The U.S. Department of Defense produces more hazardous waste than the five biggest U.S.-based chemical companies combined and is the biggest contributor to global pollution in the world.
WASHINGTON — This week, the Department of Defense released a report to Senate Armed Services Committee Chair Jim Inhofe (R-OK) detailing the threat climate change poses to U.S. national security. Not only does the report fail to mention U.S. bases destroyed or evacuated recently due to natural disasters, it completely omits the outsized role the Pentagon plays in furthering climate change. It is the number one polluter in the world.
Inhofe is perhaps most famous for throwing a snowball on the Senate floor in an attempt to disprove climate change, which might be the most spectacular instance of a Republican official invoking snowy weather to troll science to date.
The reports were delivered to Inhofe and President Donald Trump, who also lies about the existence of climate change. Two months ago, Trump said he didn’t believe a study on climate change involving 13 federal agencies.

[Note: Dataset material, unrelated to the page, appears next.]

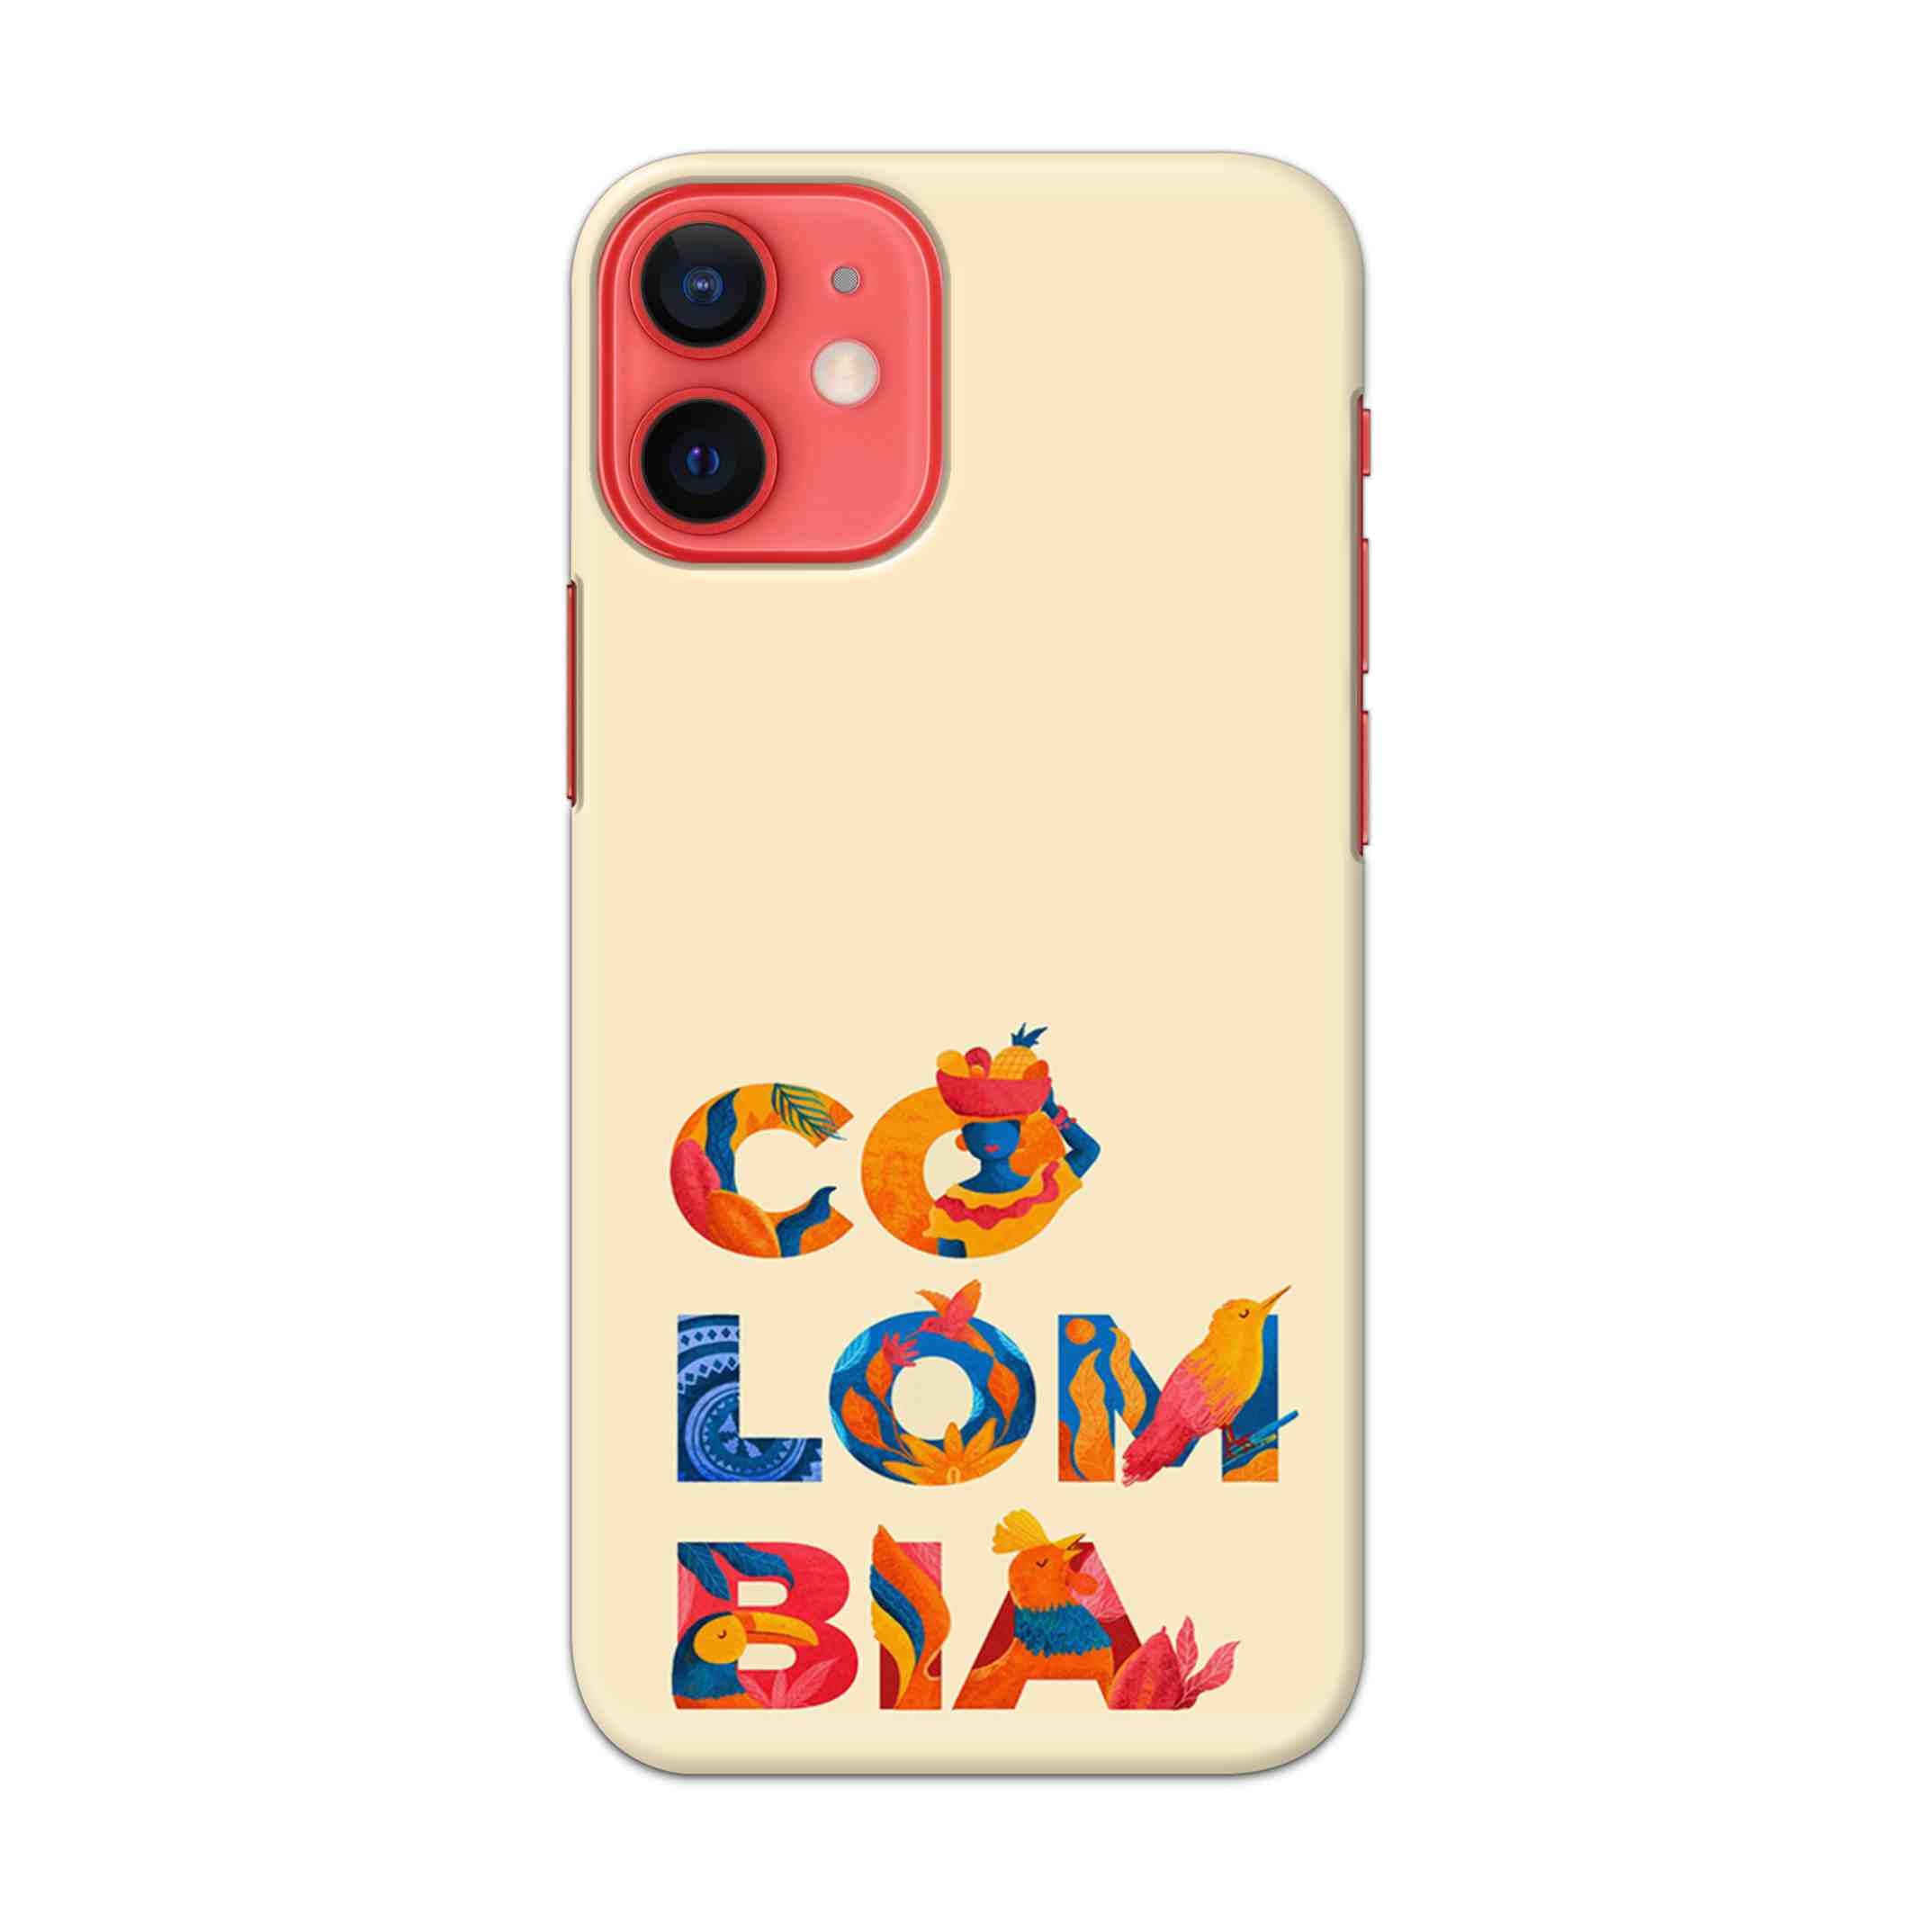 Buy Colombia Hard Back Mobile Phone Case/Cover For Apple iPhone 12 mini Online

Meanwhile, in Australia, temperatures reached 50°C
(THAT’S 122°F ON THE OPPOSITE SIDE OF THE GLOBE FOR THE SCIENCE IMPAIRED)
Congress compelled the Pentagon to conduct the assessment on managing “effects of a changing climate” in the National Defense Authorization Act of 2018.
Report ignores billions in damage
The report studied 79 military complexes, finding that most are, or will be, at risk of becoming severely vulnerable to climate change manifest as flood, wildfires, thawing permafrost, desertification, drought and more.
The report does mention two wildfires in Colorado in March 2018 hampered training exercises, and discusses flood at the Joint Base Langley-Eustis in Virginia. There, the sea level rose 14 inches since 1930 and flooding is “more frequent and severe.”
But the report doesn’t rank the 10 most vulnerable military bases, as it was ordered to do, and doesn’t include any Marine Corps bases. In September, the Corps’ biggest base on the East Coast, Camp Lejeune in North Carolina, was damaged to the tune of $3.6 billion by Hurricane Florence. As a result of the damage, 84,000 gallons of sewage was released on the base.
The following month, Hurricane Michael ripped through Tyndall Air Force Base in Florida, with up to 17 F-22 fighter jets damaged or destroyed. Those fighter jets come at a price of around $339 million apiece, or $5.7 billion for the lot of them. Nonetheless, the appendix to the Pentagon’s report did not mention Tyndall as one of the Air Forces’ most vulnerable sites.
In November, the Naval Base Ventura County in California was evacuated as wildfires approached it, but the base was not listed as an installation where wildfires pose a “current” threat — nor were any other bases, for that matter.
“While this climate report acknowledges nearly all the military installations it studied are vulnerable to major climate change impacts,” House Armed Services Committee Chair Adam Smith (D-WA) said in a statement on Friday, “it fails to even minimally discuss a mitigation plan to address the vulnerabilities.”
Jack Reed (D-RI), the ranking Democrat on the Committee, accused the Pentagon of “treating climate change as a back burner issue.”
The report says that the Department of Defense is updating infrastructure “to better adapt to climate impacts,” citing a separate assessment that “provided a database with regionalized sea level scenarios… for 1,774 Department of Defense sites worldwide.”
The globe as Pentagon’s trashcan
The Department of Defense produces more hazardous waste than the five biggest U.S.-based chemical companies combined and is the biggest contributor to global pollution in the world.
Hundreds of U.S. military bases are listed as “superfund sites” by the Environmental Protection Agency. Of the roughly 1,200 Superfund sites in the U.S., nearly 900 (close to 75 percent) are either abandoned military sites or related to the military. The 900 figure does not include current military installations. Camp Lejeune is one such base.
The U.S. polluted the earth immeasurably through its testing of nuclear bombs. On the Marshall Islands alone, the U.S. dropped more than 60 nukes in the 1940s and 1950s. In Iraq, U.S. policies created severe desertification of 90 percent of the land, turning a country that used to export large quantities of food into a country that imports 80 percent of its food.
The U.S. military’s use of depleted uranium and Agent Orange, among other chemicals, contributed to climate change and environmental destruction. Its 19 aircraft carriers and ships that function as such also consume huge amounts of fuel — as do the jets, tanks, and other machinery at the Department of Defense’s 1,774 military sites.